In work7 funded by these consortia, Manolis Kellis, a computational biologist at the Massachusetts Institute of Technology (MIT), along with Bradley Bernstein, a pathologist at Harvard Medical School, and their colleagues, mapped 'chromatin states' — sets of chemical modifications to DNA and DNA-binding proteins that distinguish genomic regions. The location of these states varies across different cell types and is correlated with gene expression. By comparing chromatin states on gene promoters, enhancers and other regulatory regions with data on gene expression, the researchers linked regulatory elements to target genes.

The team then cross-referenced chromatin states with variants that had been associated with specific diseases. This revealed patterns that made sense: for example, variants that had been statistically associated with leukaemia occurred in what chromatin states revealed to be enhancer regions active in leukaemia cells. Similarly, variants thought to affect lipid and triglyceride levels in blood were found in regulatory elements active in liver cells.

Other mapping projects rely on comparative genomics. Last year, researchers based at the Broad Institute of MIT and Harvard in Cambridge, Massachusetts, completed whole-genome sequencing of 20 mammalian species, then analysed8 these sequences along with those of 9 other mammals that had already been sequenced. This revealed more than 3.5 million evolutionarily constrained elements in the human genome, up from a few hundred thousand that had been previously identified. Still, only about 60% of these could be assigned any putative function. Most of the new elements were located either between genes or in non-coding parts of genes.

Furthermore, even nucleotides in protein-coding genes that would not alter amino acids were under evolutionary constraint, and further analysis suggests that these sites affect RNA-transcript processing, microRNA binding and how chromatin states are established9. “When we are talking about synonymous changes, we can no longer think of them as neutral,” says Kellis, who was part of the study.

And more regulatory elements are being revealed. Scores of researchers have noticed that non-conserved areas of the genome have activities associated with function. Many such regions are transcribed; others host various DNA-binding proteins. One-half to one-third of 'biochemically active' elements are unique to humans, says Ewan Birney, a bioinformatician at the European Bioinformatics Institute in Hinxton, UK. When the number of these active, non-coding elements was first discovered, their activity was dismissed as an experimental artefact, then discounted as irrelevant noise. But unpublished work shows that many of these regions are in fact evolutionarily conserved in the human population, presumably because they have a function that helps individuals to survive and reproduce.

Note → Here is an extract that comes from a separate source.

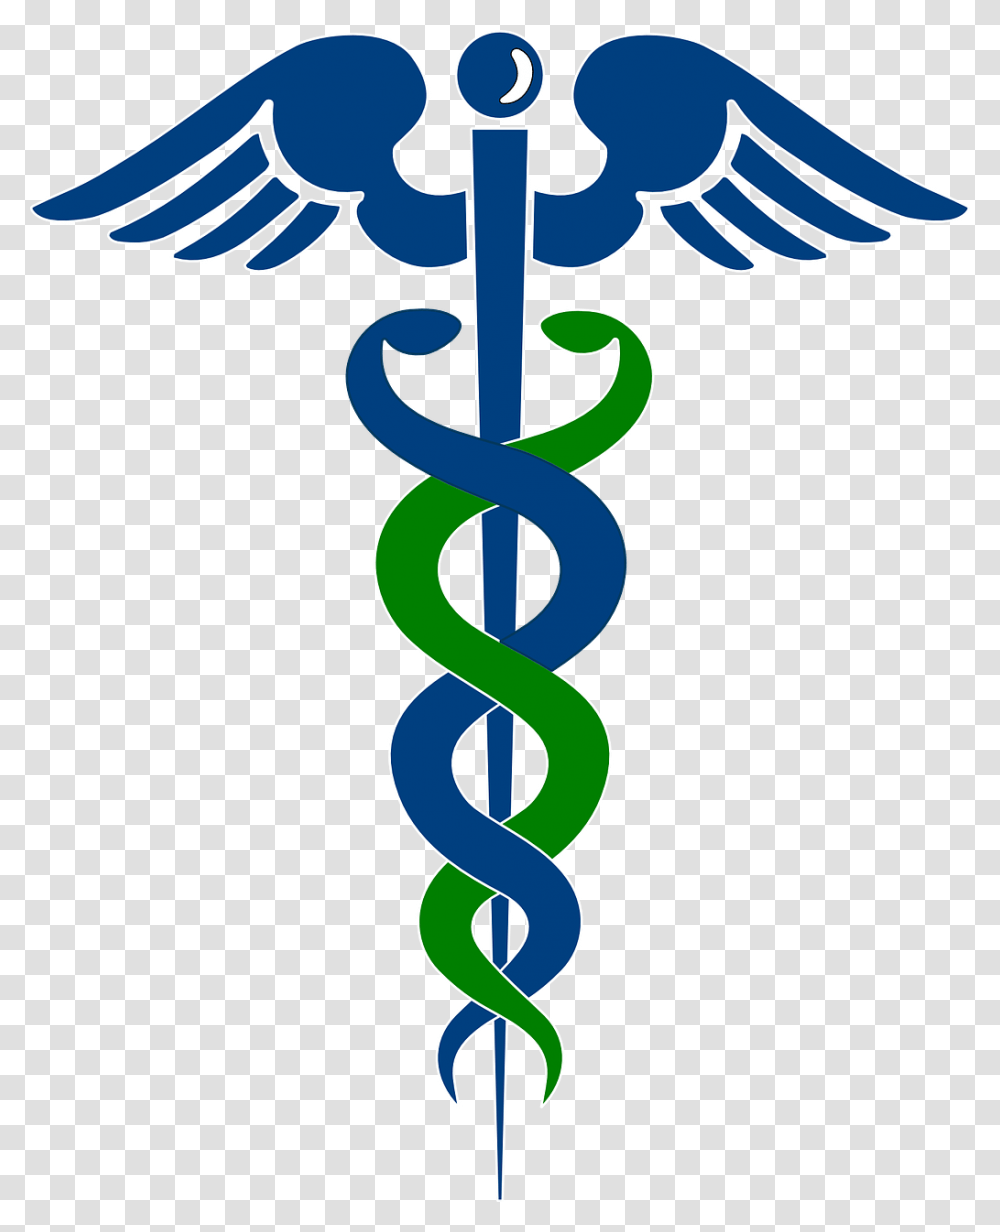 Physician Assistant Clip Art, Logo, Trademark, Emblem Transparent Png

Of course, changes to evolutionarily conserved sequences do not necessarily contribute to disease, says Birney. But researchers should start thinking about what variation in regulatory regions might do. Six months ago, the Variant Effect Predictor (VEP) tool went live on the Ensembl Genome Browser (www.ensembl.org), which brings together information from several databases, including human-sequencing projects and chromatin signatures across cell types. The tool shows, for example, whether a mutation affects a site that binds known transcription factors.

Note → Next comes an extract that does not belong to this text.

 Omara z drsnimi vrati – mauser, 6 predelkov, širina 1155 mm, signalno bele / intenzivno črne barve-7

Other tools are also coming online. Michael Snyder, a geneticist at Stanford, is developing RegulomeDB (www.regulomedb.org), which identifies binding sites and other elements in non-coding DNA. This January, Kellis introduced HaploReg (www.broadinstitute.org/mammals/haploreg/haploreg.php), which brings together data from chromatin-mapping and comparative-genomics studies. Researchers can enter common variants and see whether they fall in a highly conserved region, disrupt a regulatory motif or are associated with a regulatory element in a particular cell type. It provides the same information for common variants that tend to be inherited along with the ones entered.

This is just the beginning of efforts to assign functions to the millions of DNA variants. In time, says Kellis, it will help researchers to pin down the mechanisms that cause disease. “The marriage of human genetics and functional genomics can deliver what the original plan of the human genome promised to medicine.”